Active, Hungry, Vulnerable. Three traits for great characters.

Things I Learned From… Homeland

As season one of Homeland draws towards it’s thrilling conclusion, I’ve been thinking a lot about ambiguity in drama.

So much of the appeal of Homeland has been the level of uncertainty about the motives and trustworthiness of both the central characters. Carrie is psychologically unstable, impulsive, and so driven that it compromises her career. Brody may be a traitor, but in some ways that’s the least of his problems: he’s traumatised by his experiences, confused about his place in the world, and being manipulated by most of the people around him. They’re both deeply ambiguous characters – but what is ambiguity?

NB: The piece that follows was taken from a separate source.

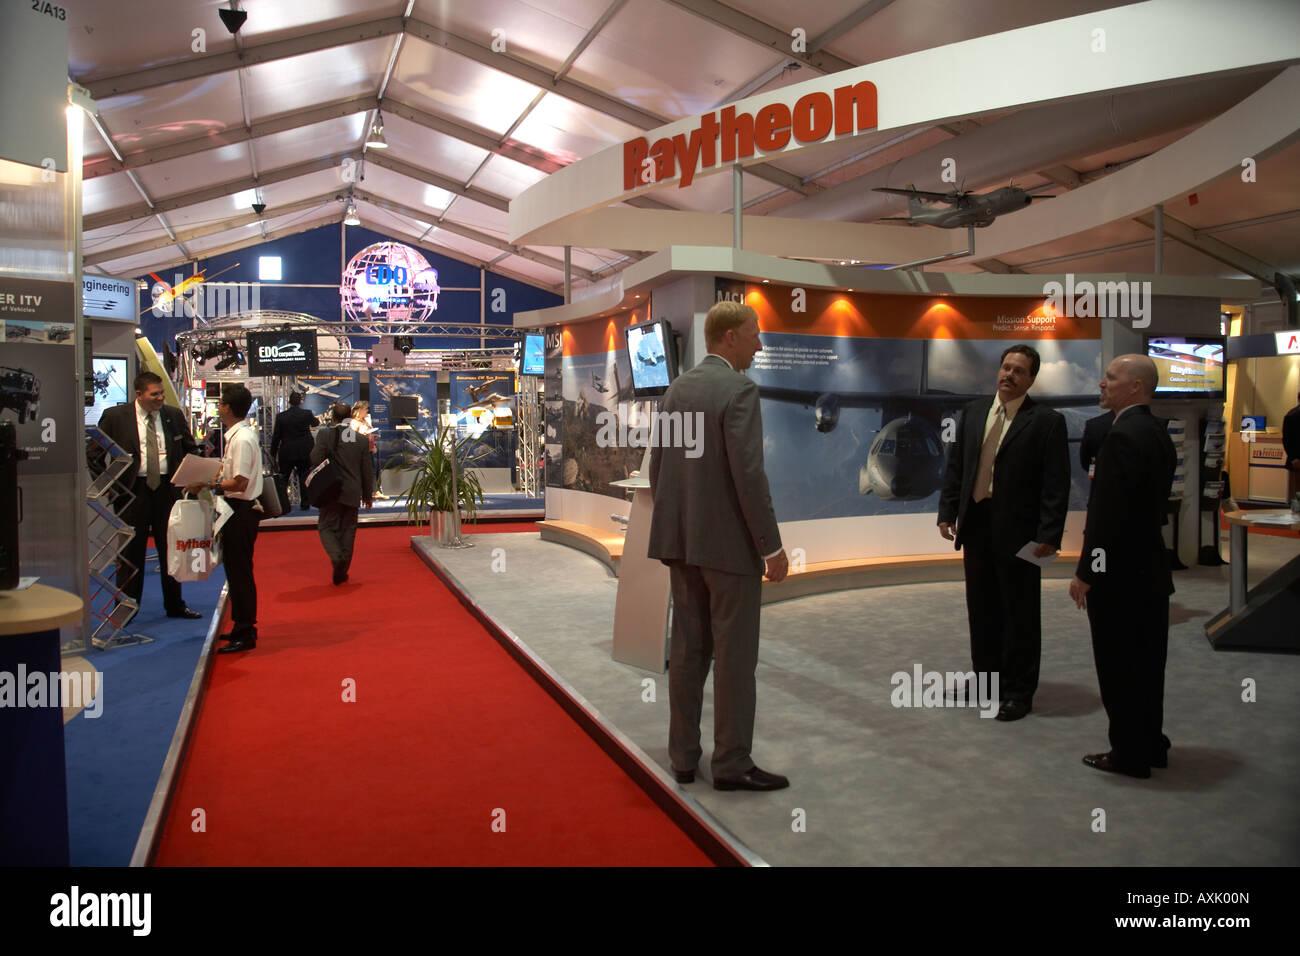 Raytheon and EDO exhibition display trade stand at Farnborough International Airshow July 2006 - Stock Image

Paul Ashton, from the BBC’s writersroom, says that ambiguity isn’t when we don’t know what’s going on. Neither is it when there are several contradictory answers to a question. Both these situations are confusing and alienating for the viewer. Rather, ambiguity is when there are two (or potentially, more than two) answers, both of which are equally supported by the evidence.

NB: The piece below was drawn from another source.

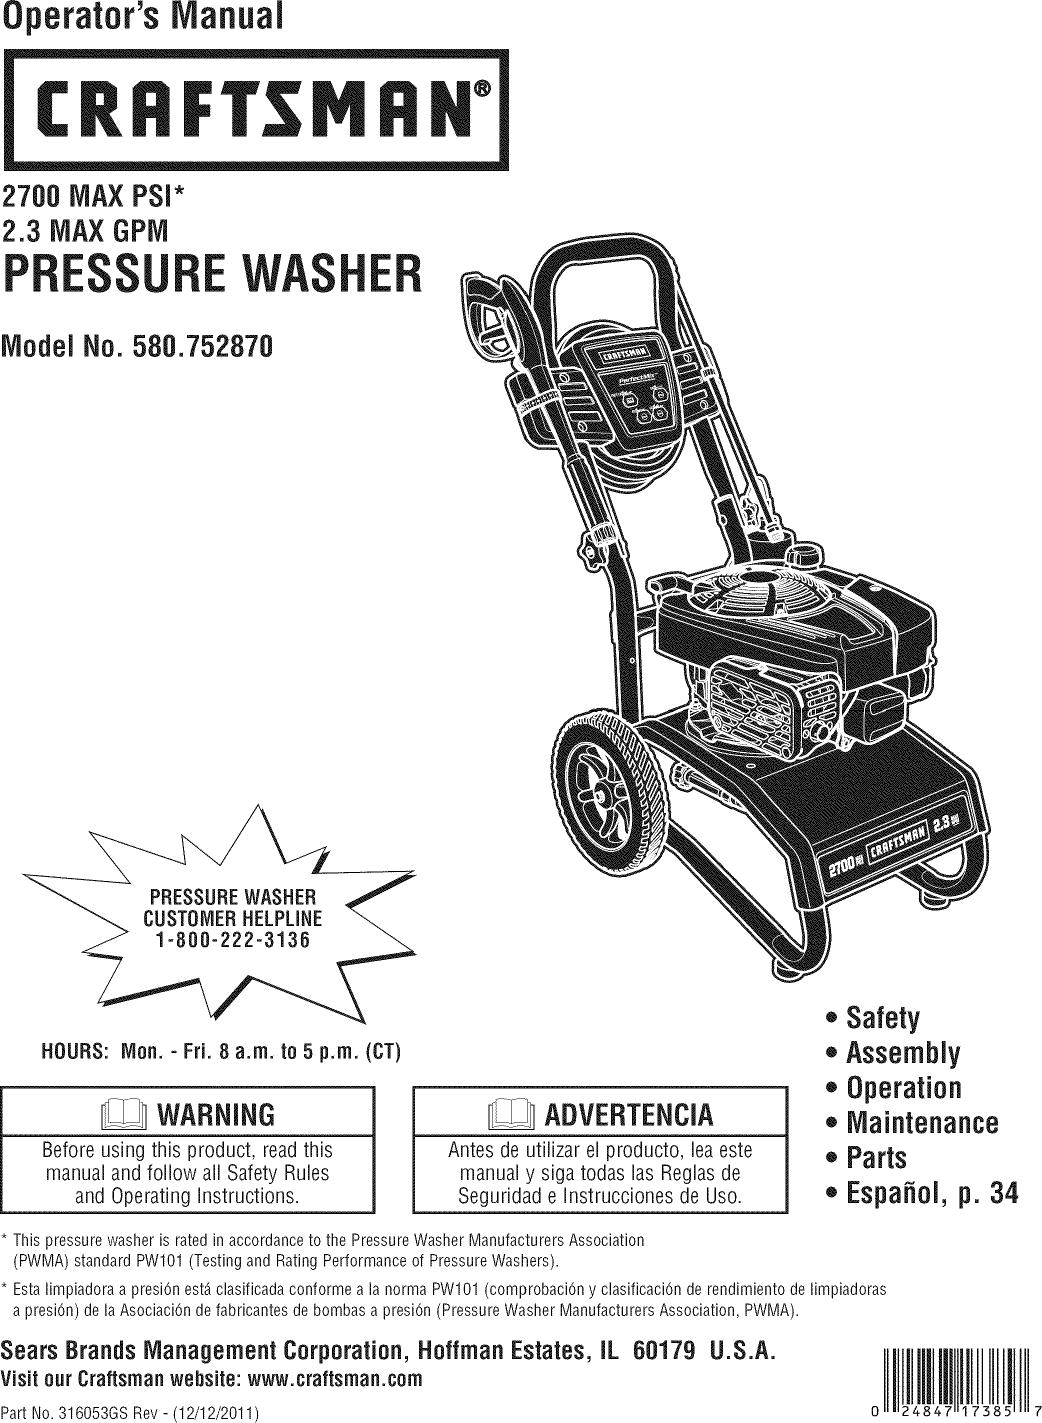 craftsman 580752870 1112463l user manual pressure washer manuals and

At the end of Inception, is Cobb in a dream world, or the real world?  Both answers are equally possible, within the evidence we’ve been given. In early episodes of Homeland, the evidence pointed equally to Brody being  a traitor, or an innocent man struggling with traumatic experiences. Is Carrie correct about him, or dangerously off her medication?  Again, both options seem equally possible.

So how are the writers managing this level of ambiguity so effectively?  Several clever techniques:

They’ve made us question what is real. Brody’s memory and psychological state are fragile, and Carrie’s on medication – indeed, her behaviour in the first episode is reckless and self-destructive. Neither of these people can be entirely trusted, even when they believe themselves to be telling the truth.

They’ve set the story in a world where anything is possible. The world of the spy – at least in fiction – is a world of shifting boundaries. A country that was an enemy yesterday is an ally today, and a threat again tomorrow. A deadly enemy agent, once turned, can be your most valuable asset. Against this background, every character is suspect and loyalties can change at any time. That’s the value of genre to the writer – among other things, it can create an atmosphere that supports ambiguity.

The two ambiguities reinforce one another. If Carrie’s sane, Brody is a traitor. If Brody’s a genuine hero, then Carrie is deluded. Or so it appears. In fact, it’s logically possible  that Brody’s a traitor and Carrie’s deluded, but that’s not an option we’re ever presented with.  The argument is always framed as an either/or situation.  So every piece of evidence for or against one character simply increases the ambiguity about the other.

Finally, they’ve kept us off-balance with a series of small goals. Follow the money trail; find the terrorist contact; turn the diplomat funding the operation. Each of those twists and turns appears to push the plot towards one answer or the other, before restoring it to the state of ambiguity.  Crucially, none of these goals actually impact on the big question directly. Preventing the terrorist attack won’t prove whether Brody is a traitor or not. It certainly doesn’t impact on Carrie’s fitness to do her job. And it shouldn’t. Providing hard evidence one way or the other every week would feel contrived and ridiculous; instead, the writers shift the general tone of the episodes towards the positive or the negative, giving the illusion of leaning in one direction or the other without actually altering the central ambiguity.